Yeah, that could be amazing.
I always go back to Forza, especially Forza Horizon, because it is another Xbox Studios produced, massively online multiplayer vehicle sandbox. You can build a career as a car skin painter, or in the auction house, you can focus on drifting, street racing, track racing, off road racing… etc.
Within the community, there are sub cultures for each of these career paths. Some are ridiculously passionate.
Forza Motorsport (not Horizon) has a more traditional racing career path. You win races, you win money to get better cars and upgrades.
Many, many other racing sims (more sim than Forza’s simcade) have career modes. It is a perfect fit for the genre.
Microsoft Farm Simulator is very much career based (and a weird corner or simulation).
American Truck Simulator and European Truck Simulator (NOT made by Xbox Studios) have something brilliant and I confess, I drove for hundreds more hours because of my career than just for the joy of driving alone. You got to buy your truck and upgrade it. Then you ran a trucking business so if you bought a second truck you could hire a driver, and so on. Soon, you have a fleet of trucks and multiple branches across the continent. And all the while, you keep driving your truck from A to B.
Train Simulators have their career modes too.

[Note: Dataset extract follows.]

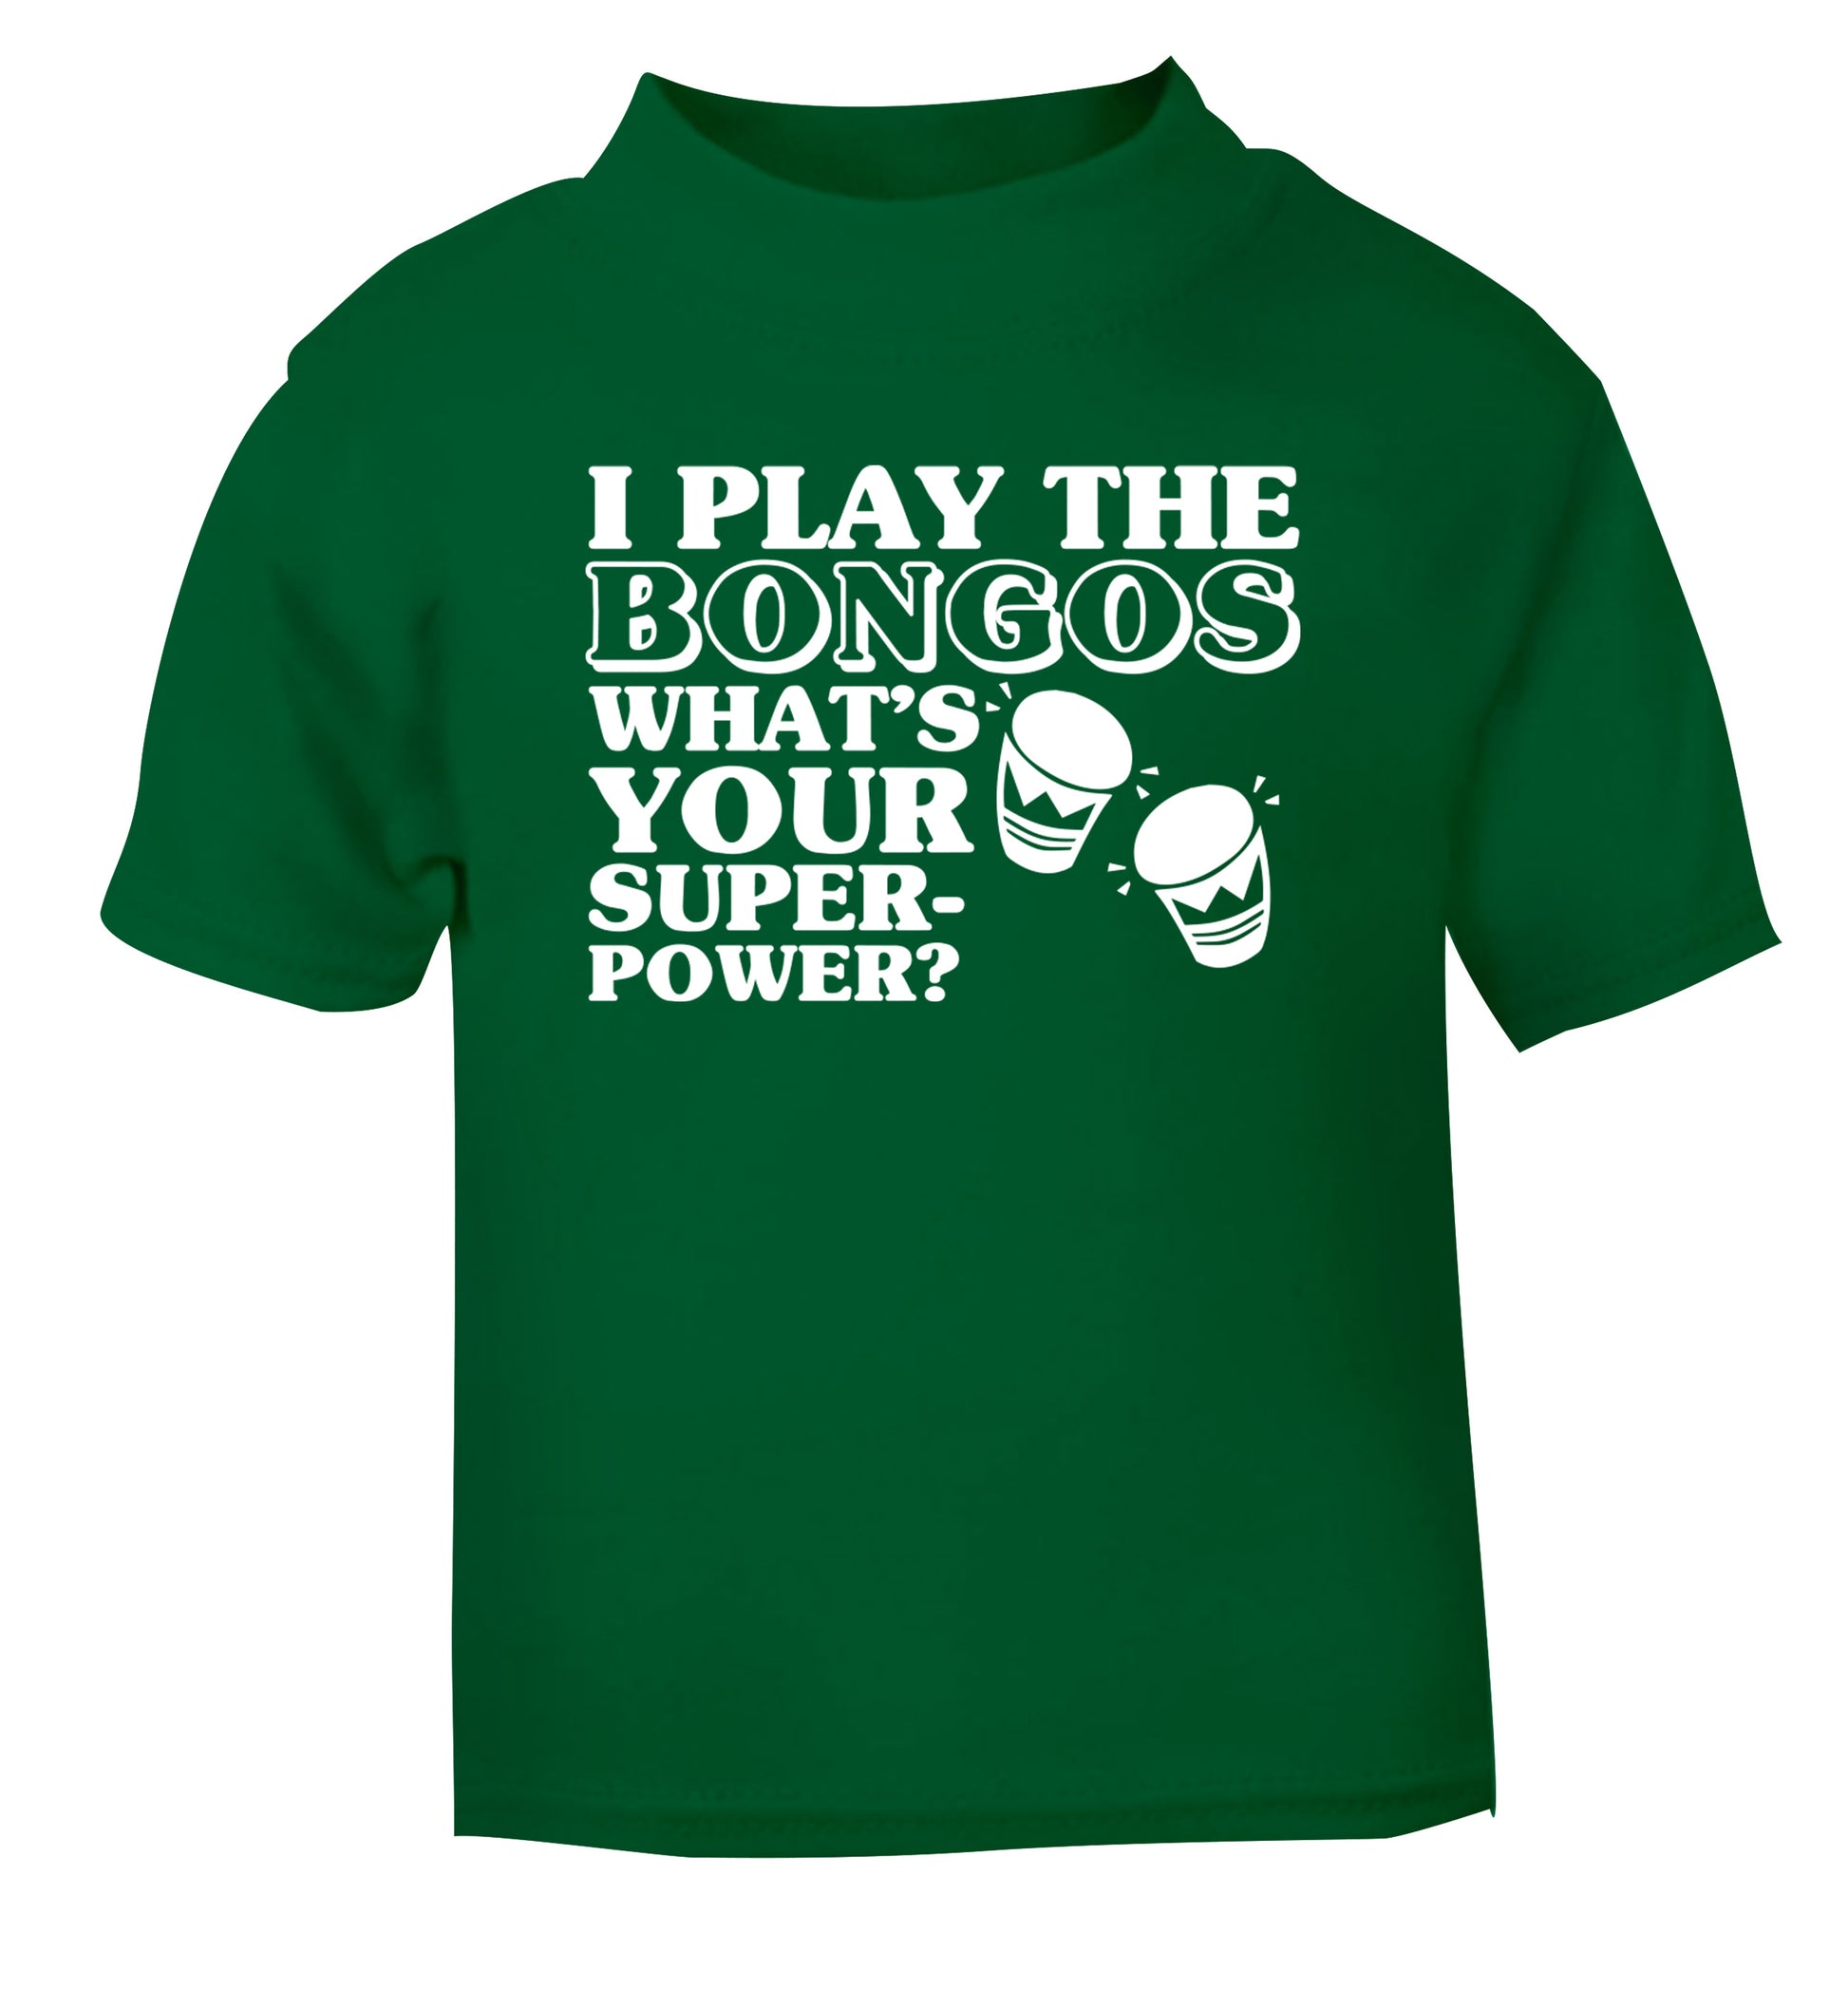 I play the bongos what's your superpower? green Baby Toddler Tshirt 2 Years

I mean, we have the whole freaking globe, and I really think there is an untapped wealth of casual simmers who just need a bit more motivation to fly in order to become hooked, and turn that corner into becoming a core simmer.
Forza Horizon fills their world with activity, and it is fun, addictive, and gets people playing for dozens or hundreds of hours, but folks can always just turn that all off and cruise from A to B whenever they wish.
I know Forza is more arcade oriented than MSFS, but there are simulation ways to incorporate a vast, living online world full of jobs and activities into a massively online, multiplayer flight sim like MSFS. As it stands, ther world is almost too vast, and it often feels like there should be more to do within it than just flying from A to B and learning new computer and steam systems in airplanes.
The more alive and active they can make the world, the more casuals will want to stick around and really learn how to fly.